I wouldn't dream of saying what is normal.

But what do you want? Speak to him and see if it's what he wants.

Some will be bothered by the weekend thing. Sat nights and Sun days are seen as premium time. But maybe not by you. If you told him a week or two in advance that you wanted to go out on a Saturday night would he be up for it?

ButWhatAboutTheBees · 13/08/2024 21:19

Presumably because DP would like to share YOUR bed but is second place to your 5 year old who can't spend the night in his own bed (every night coming into yours is a bit much) ?

Babyboomtastic · 13/08/2024 21:21

So you've been together since your son was born basically? How do they get on?

BlindedByGrey · 13/08/2024 21:21

He doesn’t see you as a priority or someone he longs to be with. If you feel differently, you should end it, and find someone who does

memphine · 13/08/2024 21:21

ButWhatAboutTheBees · 13/08/2024 21:19

Presumably because DP would like to share YOUR bed but is second place to your 5 year old who can't spend the night in his own bed (every night coming into yours is a bit much) ?

Thank you.

I'm more taking about when I don't have DS.

He does sometimes come after work when DS is here.

OP posts:
Icanflyhigh · 13/08/2024 21:22

Sunshineandpool · 13/08/2024 21:14

It's not weird at all. Mine were still coming into my bed at that age. And it doesn't stop him having dinner at yours!

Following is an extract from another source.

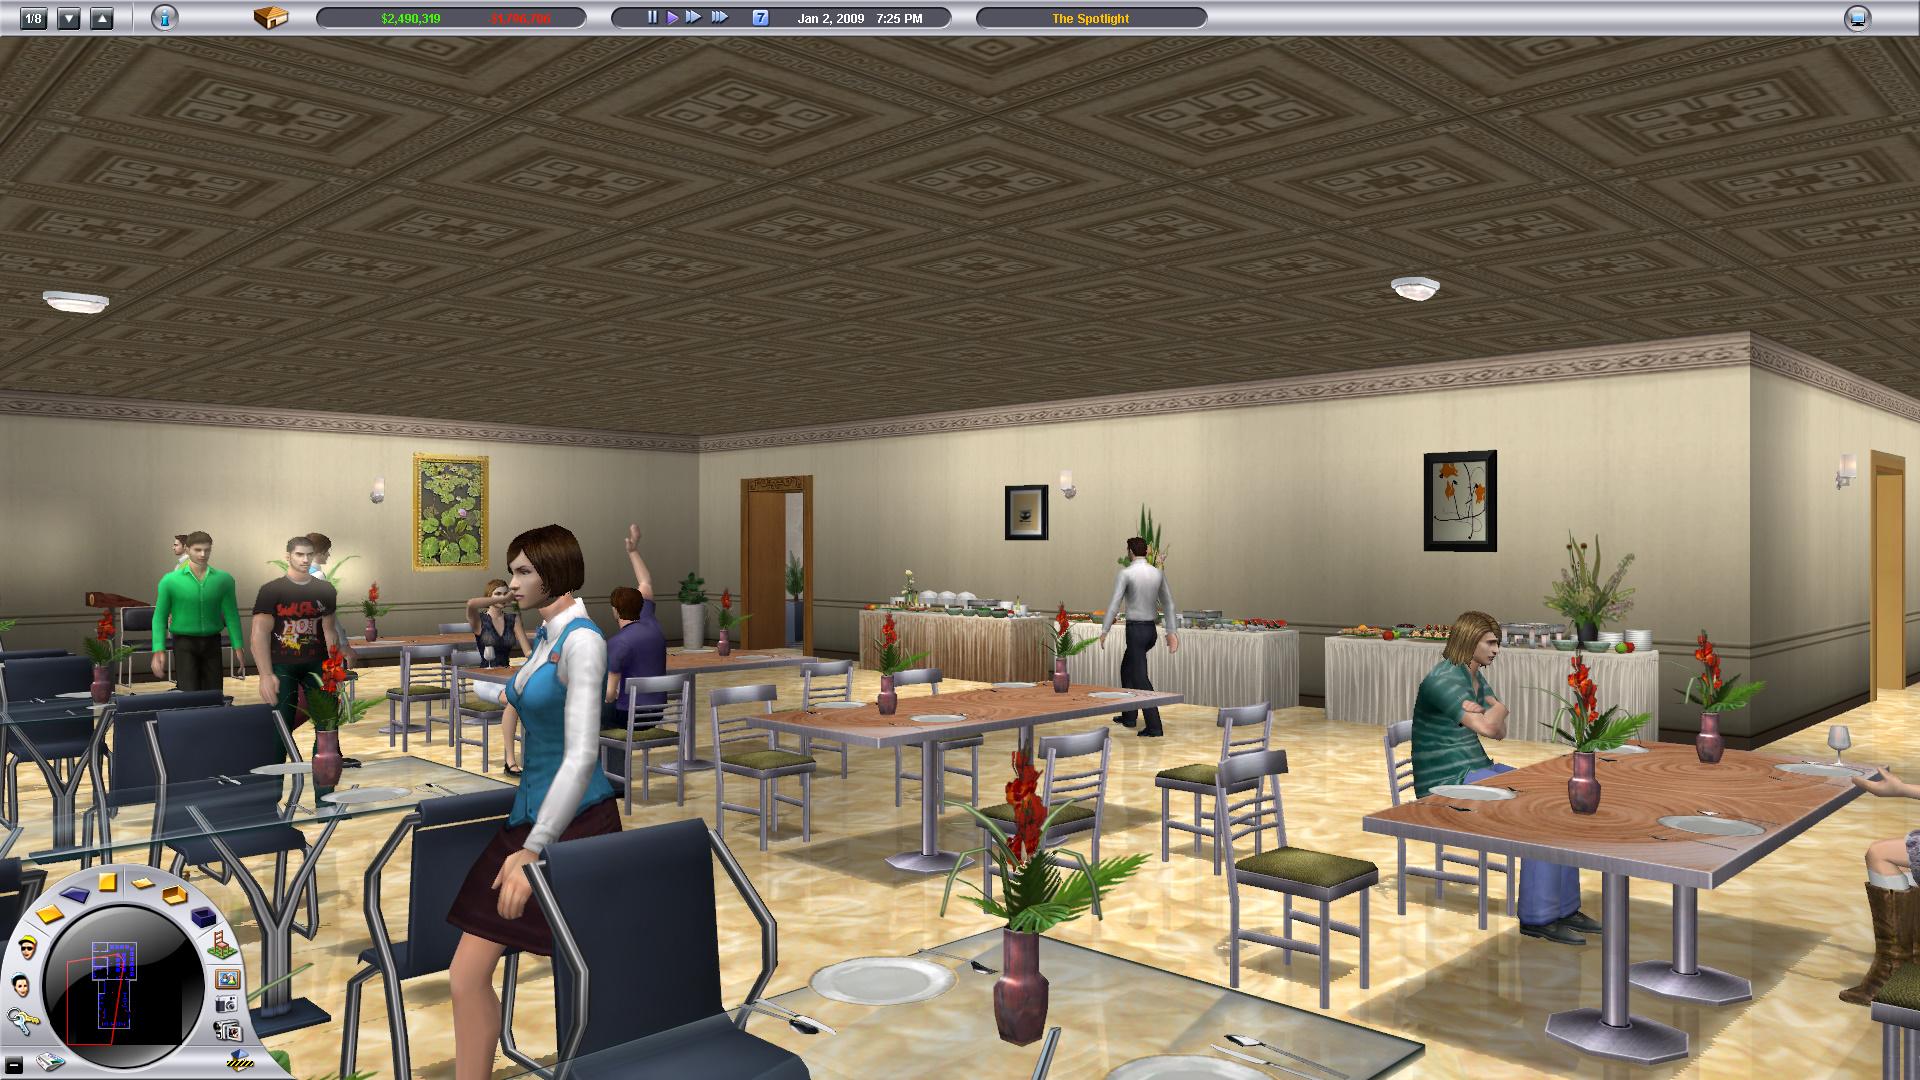 Hotel Giant 2 Screenshot 2

As your DC is not there at the moment I'd expect him to be over most nights.

This!

My DS was still getting in my bed every night when I met now DH - it did take a bit of work but he was soon in his own bed all night every night.
In the meantime, do what works for you, and yes, I would expect DP to be a bit more present this couple of weeks while DS is away x

memphine · 13/08/2024 21:22

Babyboomtastic · 13/08/2024 21:21

So you've been together since your son was born basically? How do they get on?

On and off since DS was 9 months old.

DS absolutely loves him.

OP posts:
PonyPatter44 · 13/08/2024 21:24

Why don't you socialise with each other's friends? Have you ever met his friends? Had a bbq or something and all got together?

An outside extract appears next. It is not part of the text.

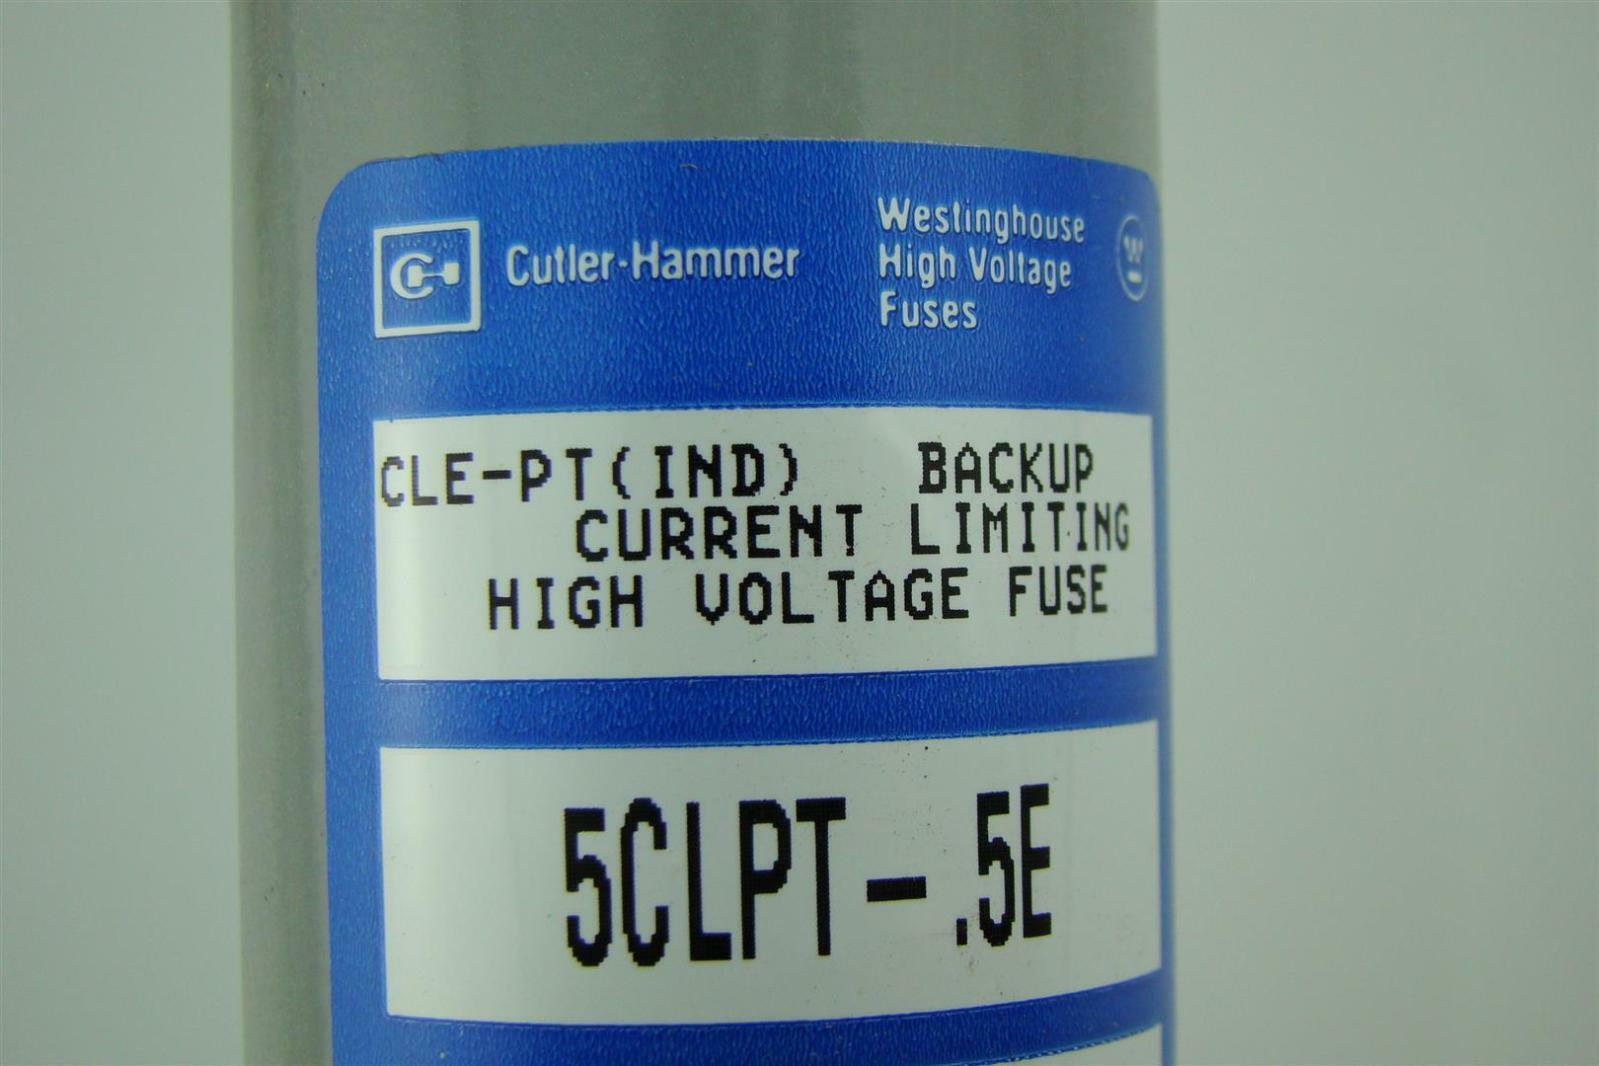 Westinghouse Cutler Hammer High Voltage Fuses 55kv 5clpt 5e Ebay Fuse Box

He doesn't seem to want to spend much time with you. When Mr Pony and I first got together, he basically moved in during the times DD went to her dad's. It was nice.

Thepeopleversuswork · 13/08/2024 21:24

I don’t think there’s a right or wrong answer to this. It’s what you want that matters. If you want him to spend more time with you that’s totally legitimate.

You are both quite young though and you have a young child. It sounds like it might be a bit soon for marriage. He also sounds quite young (mentally). Theres nothing wrong with seeing your mates but wanting to hang out every weekend with a big group of lads isn’t going to be compatible with marriage and kids. Do you actually think he is ready?